Your output should be the lines from the one containing "Storage by Dwell from Shelf Life" through the last line below, both ends included, exactly as written and free of pictures.

- **RECORDED INFORMATION**
━━━
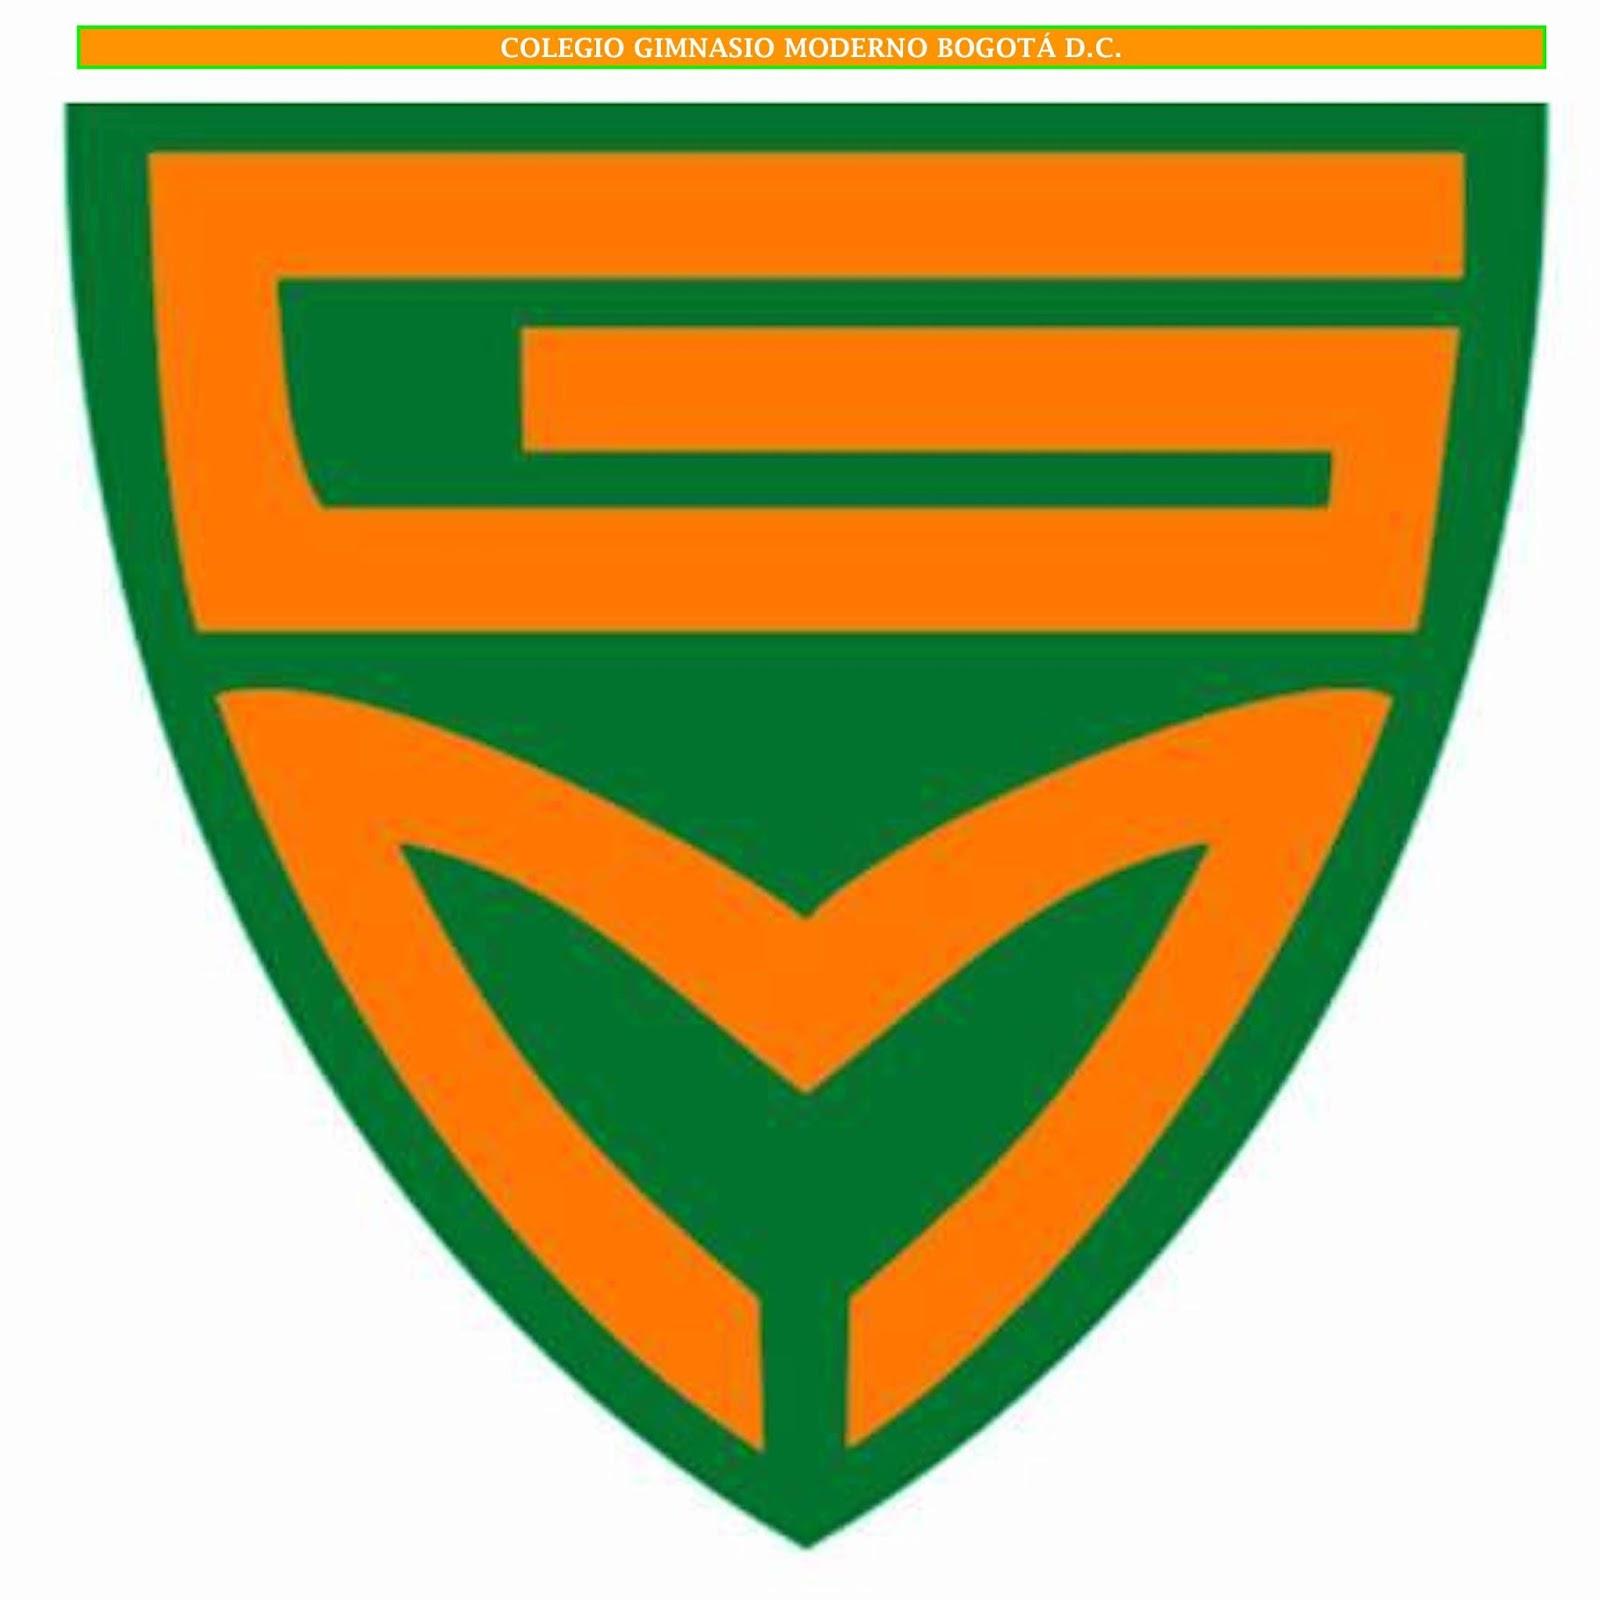 Gimnasio moderno clase del 69 for Gimnasio 60 entre 8 y 9
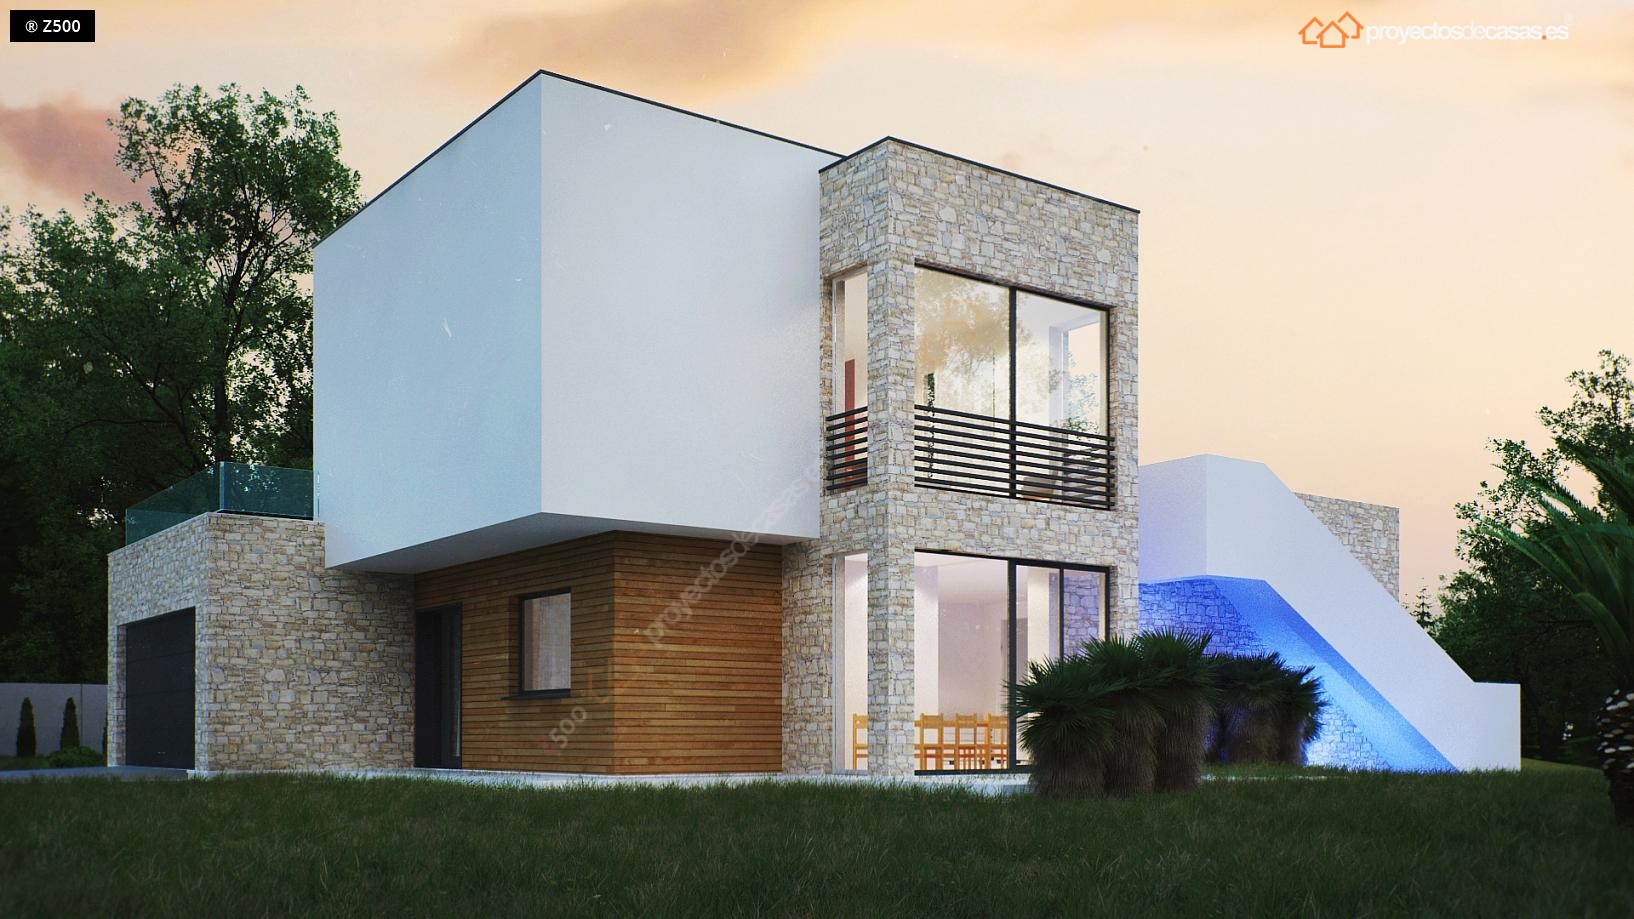 Proyectos de casas casa de lujo con piscina y sauna proyectosdecasas dise amos y - Casas en salou ...
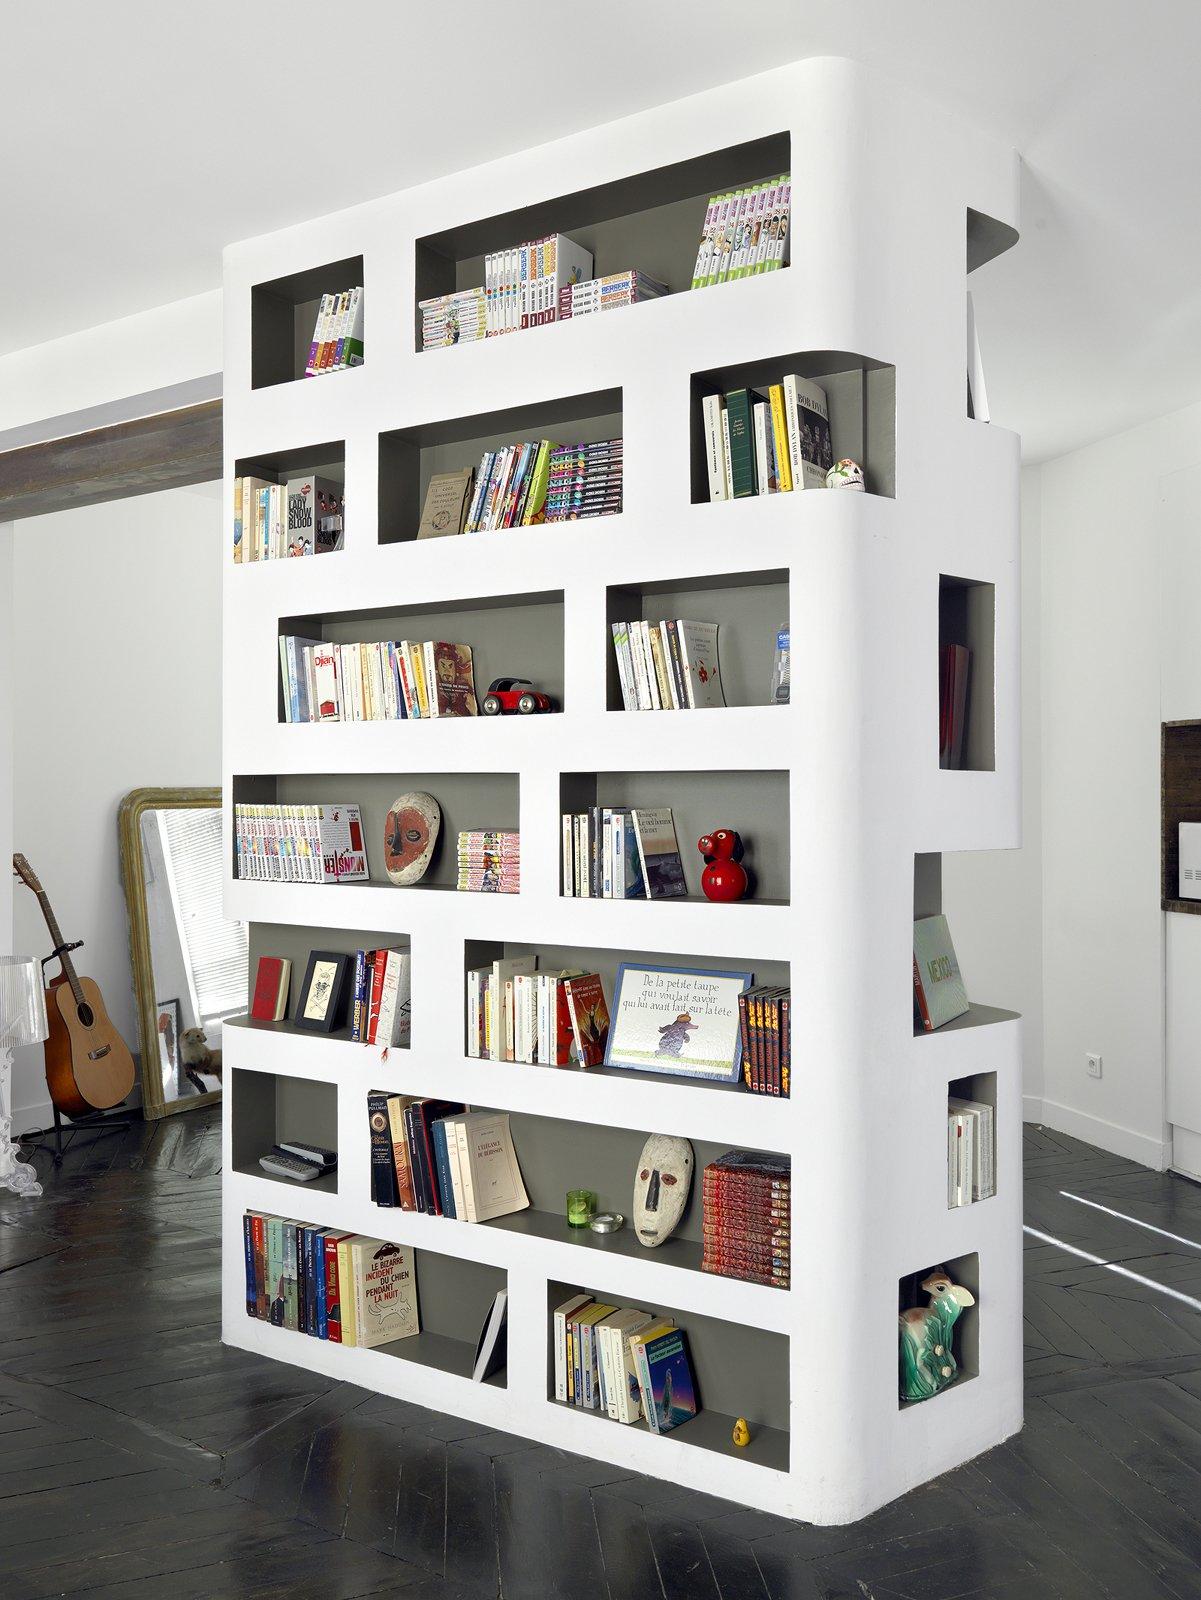 Storage by Dwell from Shelf Life
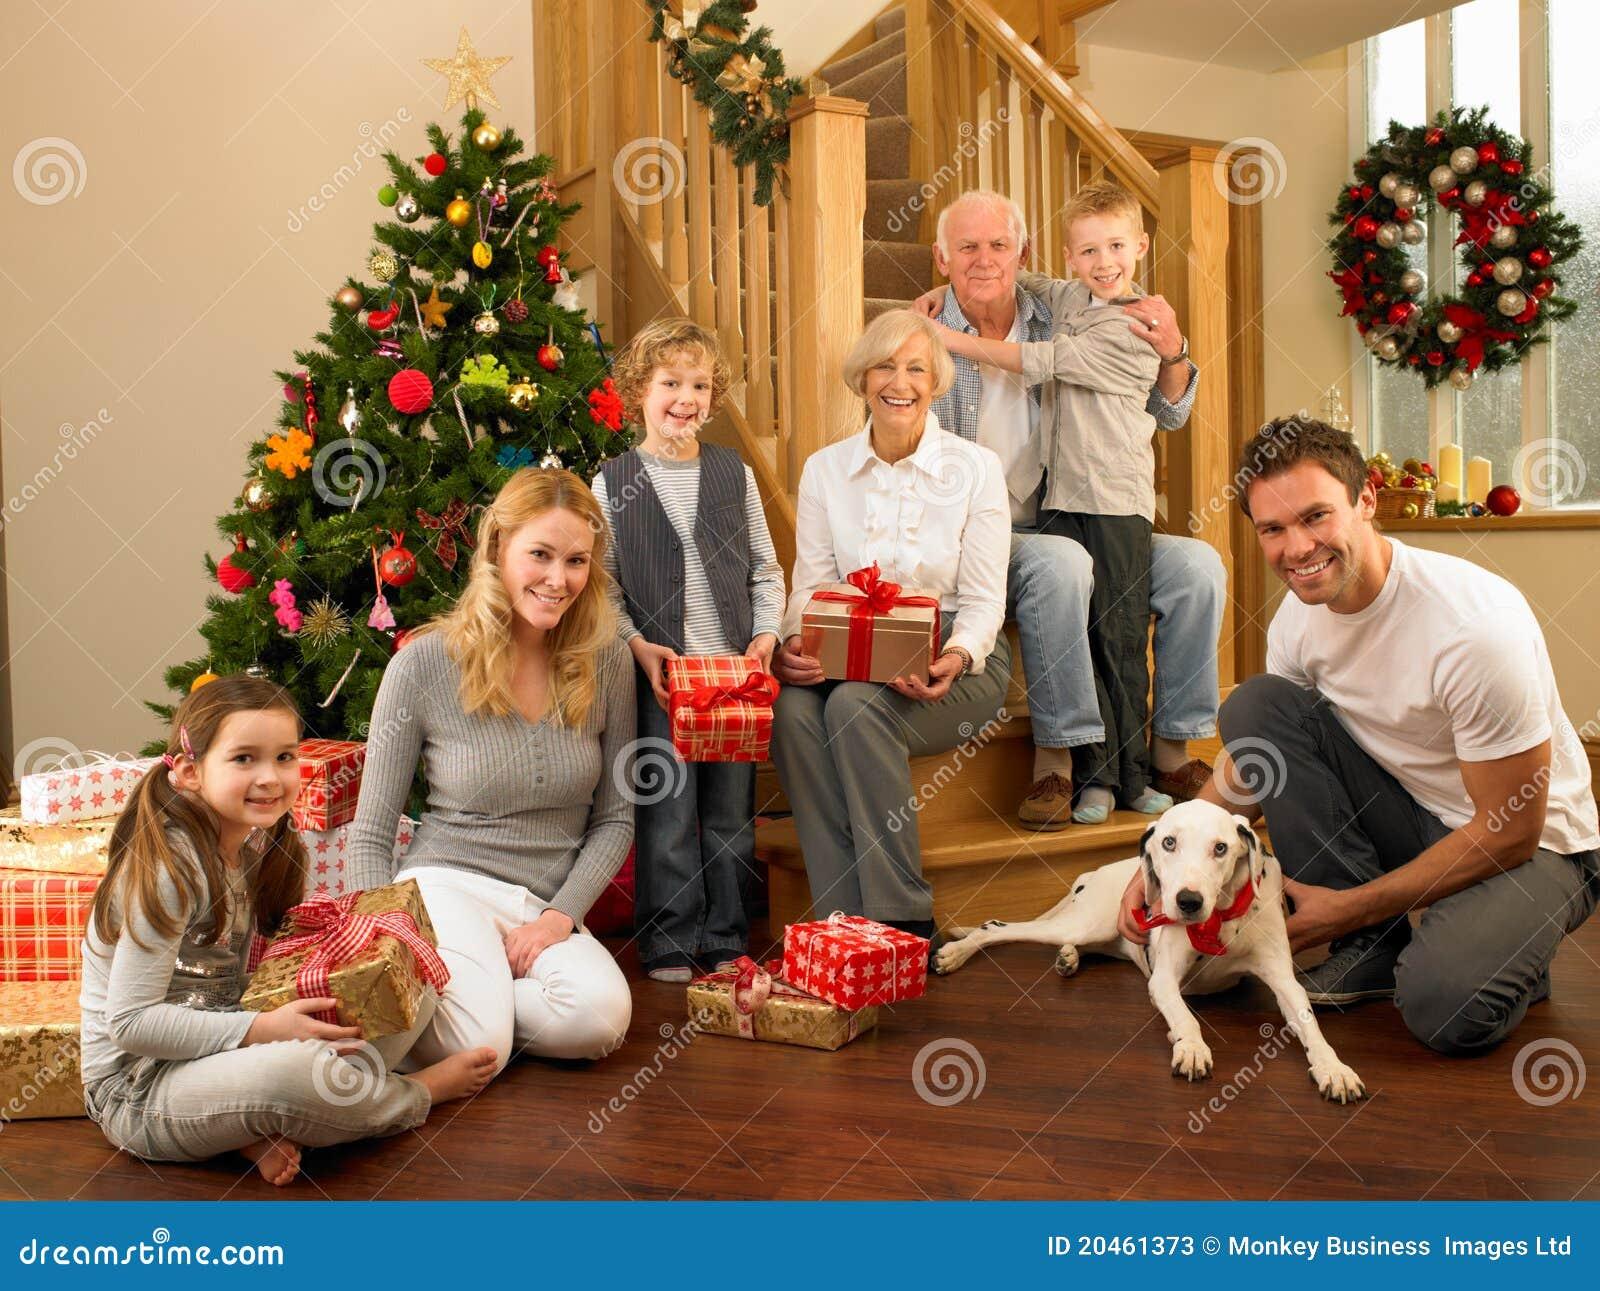 Foto Di Natale Famiglia.Famiglia Con I Regali Davanti All Albero Di Natale Immagine
━━━
- **ANSWER TO THIS PROBLEM**
 Storage by Dwell from Shelf Life
 Foto Di Natale Famiglia.Famiglia Con I Regali Davanti All Albero Di Natale Immagine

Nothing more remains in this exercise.